The returns you can get through an ELSS is also the highest of the lot. However, you should always consult a Wealth Coach before investing in an ELSS Scheme as the risk is also higher. If you need free expert advice for such an investment and can Download the Cube Wealth App and chat with our wealth experts for free.
If you're 60 or above you can open an account under the Senior Citizen Savings Scheme. If you're over 55 but under 60 but have retired under a Voluntary Retirement Scheme or a Special Voluntary Retirement Scheme you can also benefit from the Senior Citizen Savings Scheme.
You will, however, have to make your account within 3 months from your date of retirement. The current annual interest rate under the SCSS is 8.7% paid out each quarter. You can consult a Cube Wealth Coach or download the Cube Wealth App.
This scheme is another great way to save tax under Section 80C. A Post Office Term Deposit is similar to a Bank Fixed Deposit and is available for 2, 3 & 5-year duration options. However only the 5 Year POTD is eligible for tax deduction under Section 80C. The deposit offers 7.8% interest compounded quarterly and is paid out annually.
A simple 5-Year Bank Fixed Deposit is also great for tax deduction under Section 80C. The interest paid out on this will depend on the bank you choose and the payout can be customised as per your preference. The interest earned on this will be deductible.
If you take a home loan and are paying a regular EMI for it the Income Tax Act allows you to get deductions under Section 80C. These deductions are applicable to the repayment of the loan principal amount. To save income tax on the interest you can avail befits under Section 24 and section 80EE of the Income Tax Act.
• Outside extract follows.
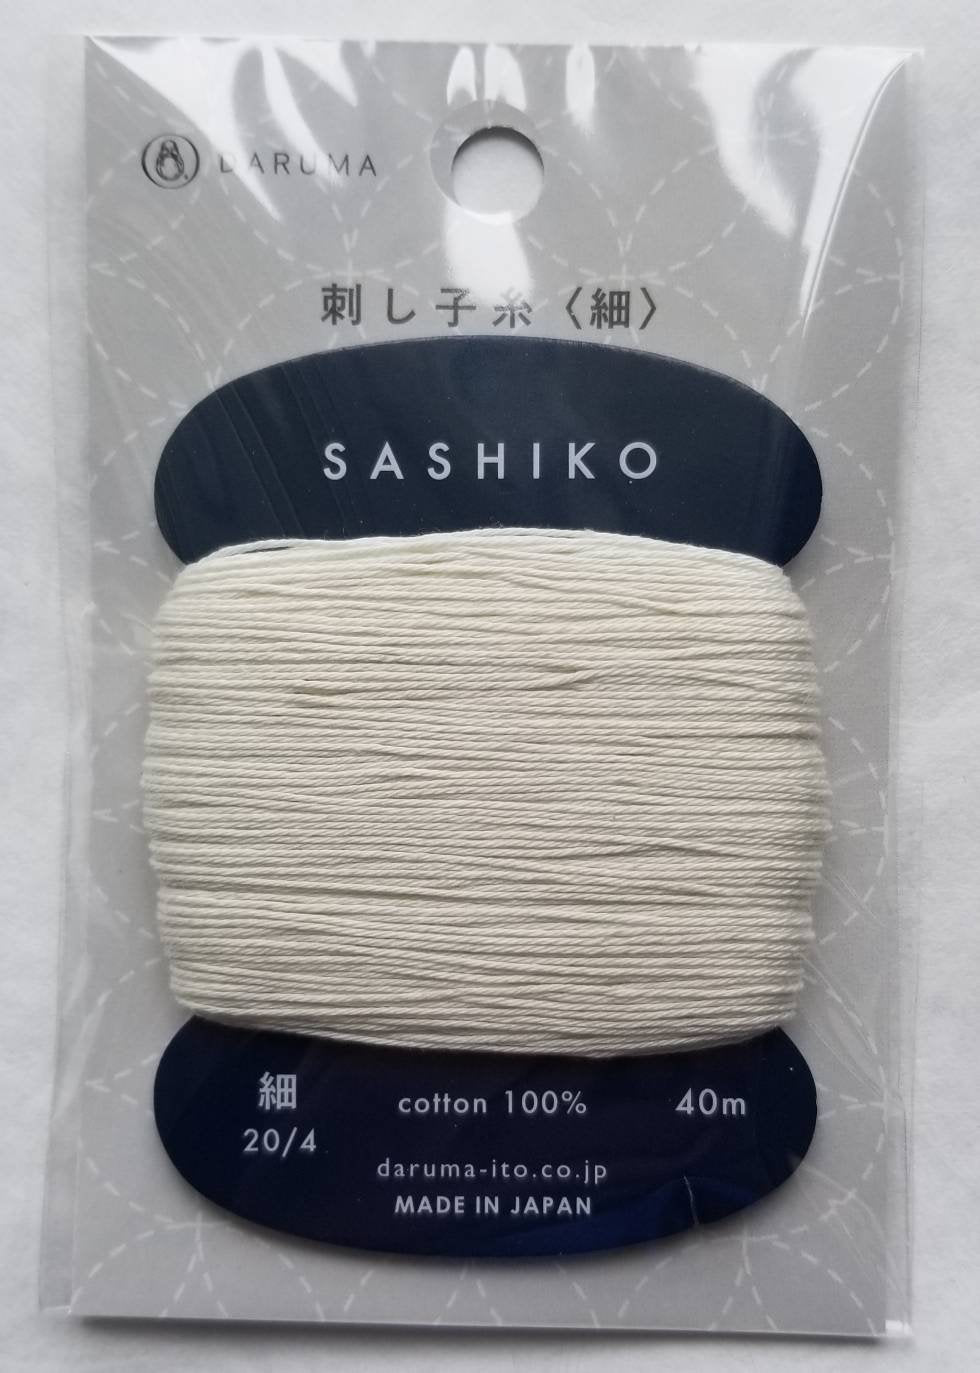 Daruma #202 ECRU Japanese Cotton SASHIKO thread 40 meter skein 20/4 きなり natural beige

Besides these, there are schemes like the Sukanya Samriddhi Account etcetera that are applicable to certain specific scenarios. We've covered the ways most regular individuals can save tax under Section 80C. If you want more assistance on this you can speak to a Cube Wealth Coach for free by downloading the Cube Wealth App.
Ans. An individual taxpaying citizen of India or a HUF (Hindu Undivided Family).
Ans. Yes, PF is a part of 80C. However, you can't claim deductions under 80C for your employer's contribution.
Ans. Yes, a Fixed Deposit of 5 years is covered under Section 80C.
Ans. Contact wealth@bankoncube.com for free advice on how to invest before tax saving and wealth creation.
Ans. You can reduce up to Rs. 1,50,000 of your income by making investments under Section 80C of the income tax act. This includes all the methods mentioned in this story.
Saving tax under Section 80C not only reduces your tax liability but also encourages disciplined long-term savings. While these investments offer tax benefits, it's essential to ensure that they align with your broader financial plan and goals. Careful planning and informed decision-making can help you save on taxes while working towards a more secure financial future.